This National Seashore was created so many years ago with the national public’s diminishing access to the shoreline in mind, due to privatization of the beach. Its primary mission was people first. It was meant to be long open stretches of beach for those people not fortunate enough to live on the water. This document and these alternatives do nothing to further that initial goal. Instead, it seeks to chop up this National Seashore into little manageable pieces, where the visiting public and the people that live there suffer the most.
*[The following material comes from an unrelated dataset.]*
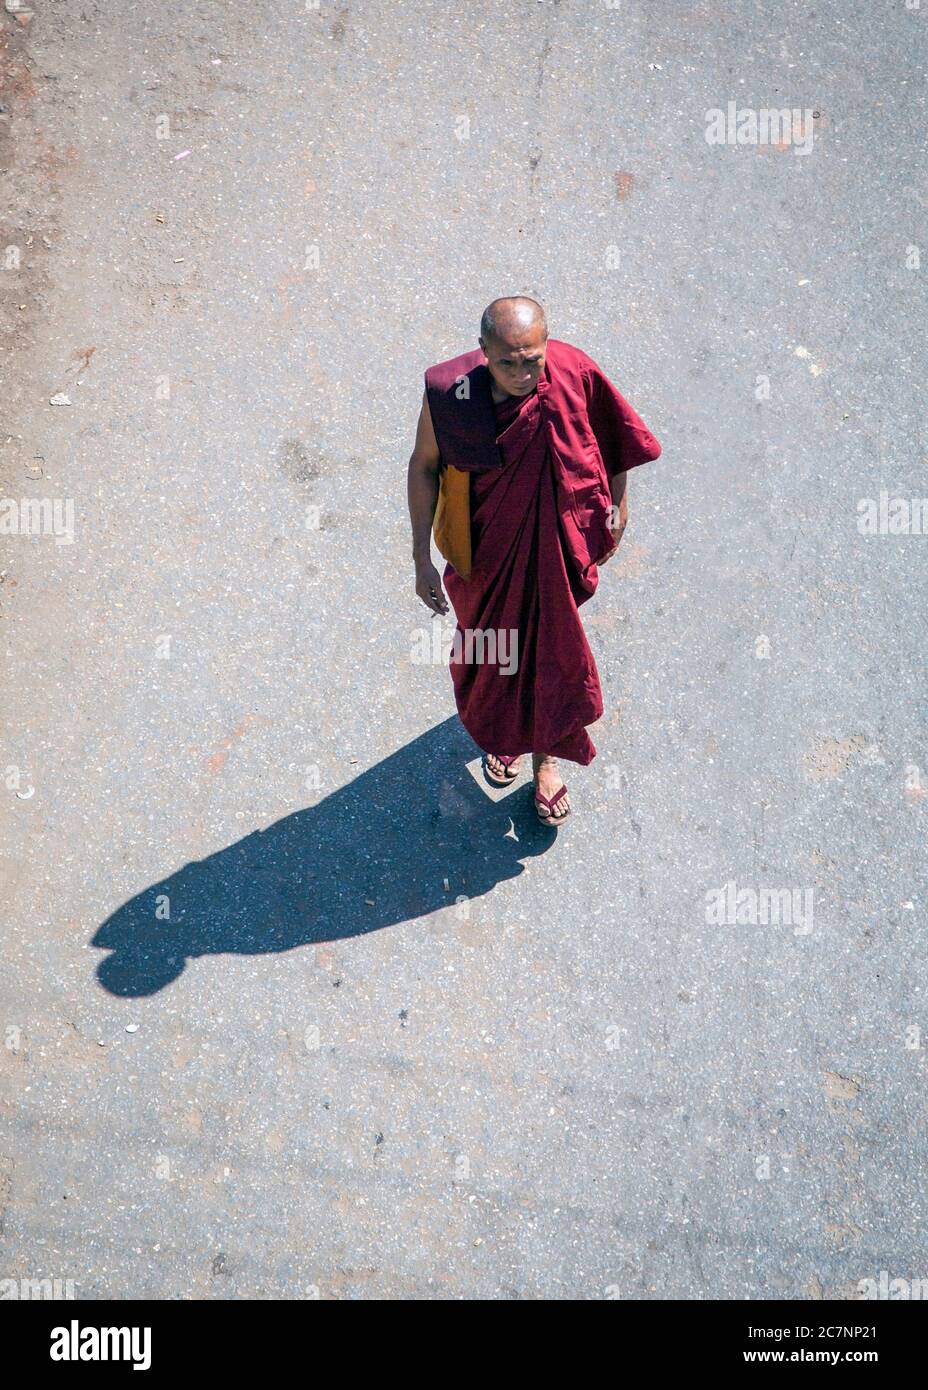 An overhead view of a Buddhist monk walking on a road in Mandalay, Myanmar Stock Photo

Please address these deficiencies in the final document. Or, put the “Coalition for Beach Access” position statement in as the preferred alternative. 

Thank you,


----------



## WALT D. (Dec 18, 2003)

Dr Bubba,

Thank you for your excellent comments, I certainly couldn't say it any better so I let you say it for me. I hope you don't mind that I used your excellent text as my comment to the NPS.

I'm glad I finally managed to get oit in before the deadline. 

We've still got a small window of time left if you're reading this tonight, please comment.


----------



## Dr. Bubba (Nov 9, 1999)

not a problem, Walt. I'm glad you thought that some of what I said was important and worthy.

This is just the beginning of what seems to be a long fight to maintain reasonable public access to our first National Seashore (...and Recreational Area).

The initial outcome will not be pleasant, expect that. Our comment now may seem futile, but it really means something in the long run, just watch.

I also ran across Dare County's comment, lot of focus on corridors and smaller resource closures: http://www.islandfreepress.org/2010Archives/05.07.2010-county_deis_position.pdf

Dare Chamber of Commerce, they like A, and point out the economic analysis flaws: http://www.islandfreepress.org/2010Archives/05.07.2010-OUTER%20BANKS%20CHAMBER%20OF%20COMMERCE%20COMMENTS%20ON%20DEIS.pdf

Senator Basnight and Representative Spear: http://www.islandfreepress.org/2010Archives/05.07.2010-DEIS%20comments%20--%20Basnight%20and%20Spear.pdf


----------



## Dr. Bubba (Nov 9, 1999)

Broken links are fixed in above post.

There will also be another comment period for the FEIS, probably mid-late autumn.
Everyone should think about what you may comment on if your questions and comments aren't addressed.


----------